Figure 4 shows the obtained orbit plots for all four bearing conditions at various speeds. As can be seen, the shapes of the orbit plots change with the condition of the bearing as well as the rotational speed of the shaft. This observation suggests that diagnostics of bearings could be performed by characterizing the rotation profile of the shaft.

One quick observation from Fig. 4 is that the orbit plots tend to get more circular as the rotational speed increases. This transition demonstrates that the vibration of the shaft moves from the multiperiodic domain to the periodic domain, which can lead to loss of frequency information. This stems from the fact that at higher speeds, the flexibility of the shaft will dominate in proximity probe signals and mask frequencies coming from other sources including the bearings. In other words, the variation of the shape of the orbit plots with respect to the bearing condition at higher speeds, e.g., 3000 rpm becomes less significant, which could possibly lead to a less accurate diagnosis.
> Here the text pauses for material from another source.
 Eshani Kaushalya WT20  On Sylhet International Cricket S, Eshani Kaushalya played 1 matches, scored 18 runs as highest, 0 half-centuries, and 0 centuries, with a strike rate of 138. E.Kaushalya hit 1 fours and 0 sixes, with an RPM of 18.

As shown in earlier contributions by the authors [24,25], the phase plot topology has a definitive relationship to the density curve of the corresponding states. Every loop in the orbit will produce two peaks in the density plot due to the higher concentration of data points at the returning points (local minimum and maximum of signals). As a result, a periodic motion, which is characterized by a circular or oval phase plot orbit, will have two peaks in the density plots of the corresponding axes. Similarly, extra harmonics in the response will produce additional loops or distortions in the orbits, which will result in the creation of additional peaks in the density plots. The properties of these peaks such as the location, height, and sharpness can characterize the response and can be used as features for diagnostics.

Figure 5 shows the density of the horizontal axis of the orbit plots for the same speed and bearing conditions presented in Fig. 4. As an example, the orbit plot of the healthy system at 300 rpm in Fig. 4 has an oval shape with several distortions in the middle. It can be seen in Fig. 5 that it has been translated into two higher peaks at both ends and several softer and shorter peaks in the middle of the density plot. As the speed increases moving to the right in Fig. 4, the response loses some harmonics and the orbit becomes more circular and smooth. Consequently, the peaks in the density curves of Fig. 5 disappear gradually when increasing the speed. The other plots can be described in a similar way. In addition, the dotted lines in Fig. 5 correspond to the density functions approximated with Legendre polynomials according to the method described in Sec. 2. The RMSE ranges from 0.0031 to 0.0245. It is also apparent from the figures that the fitting has been accurate.

## Fault Classification

Shaft rotational speed is an important parameter as the dynamic response of the system depends on it. Many traditional bearing fault detection techniques involve pattern recognition, which is effective only at one operating speed and requires retraining the classifier each time the rotational shaft speed changes. This limitation motivates the need for a new method that is effective under variable operating speeds. The current study investigates different bearing configurations under two operating conditions: (A) constant operating speed and (B) variable operating speed.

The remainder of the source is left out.